Re: Spark Executor OOMs when writing Parquet

2020-01-17 Thread Arwin Tio

Okay! I didn't realize you can pump those partition numbers up that high. 15000 
partitions still failed. I am trying 3 partitions now. There is still some 
disk spill but it is not that high.

Thanks,

Arwin


From: Chris Teoh 
Sent: January 17, 2020 7:32 PM
To: Arwin Tio 
Cc: user @spark 
Subject: Re: Spark Executor OOMs when writing Parquet

You also have disk spill which is a performance hit.

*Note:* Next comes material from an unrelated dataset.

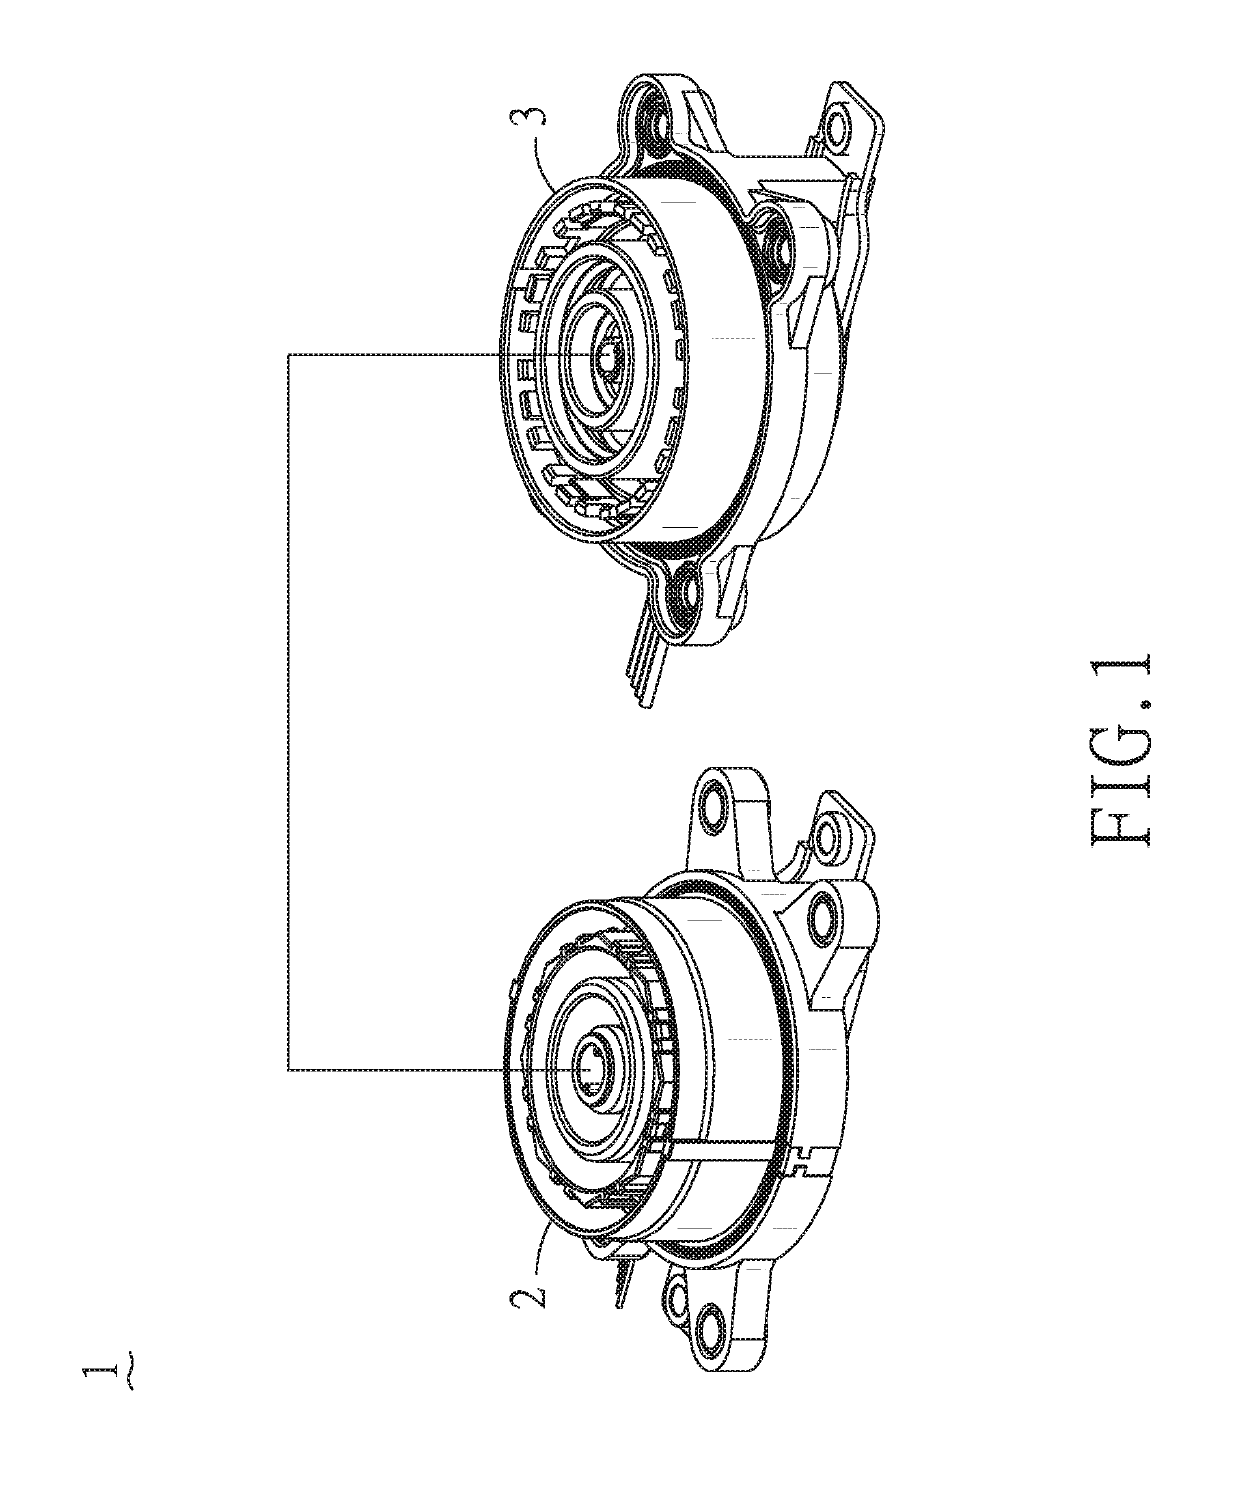 Electric vehicle charging connector assembly

Try multiplying the number of partitions by about 20x - 40x and see if you can 
eliminate shuffle spill.

On Fri, 17 Jan 2020, 10:37 pm Arwin Tio, 
mailto:arwin@hotmail.com>> wrote:
Yes, mostly memory spills though (36.9 TiB memory, 895 GiB disk). I was under 
the impression that memory spill is OK?

[cid:52075a7e-f05d-4d0d-a6e3-0ea4f7cf2c6c]
(If you're wondering, this is EMR).


From: Chris Teoh mailto:chris.t...@gmail.com>>
Sent: January 17, 2020 10:30 AM
To: Arwin Tio mailto:arwin@hotmail.com>>
Cc: user @spark mailto:user@spark.apache.org>>
Subject: Re: Spark Executor OOMs when writing Parquet

Sounds like you don't have enough partitions. Try and repartition to 14496 
partitions. Are your stages experiencing shuffle spill?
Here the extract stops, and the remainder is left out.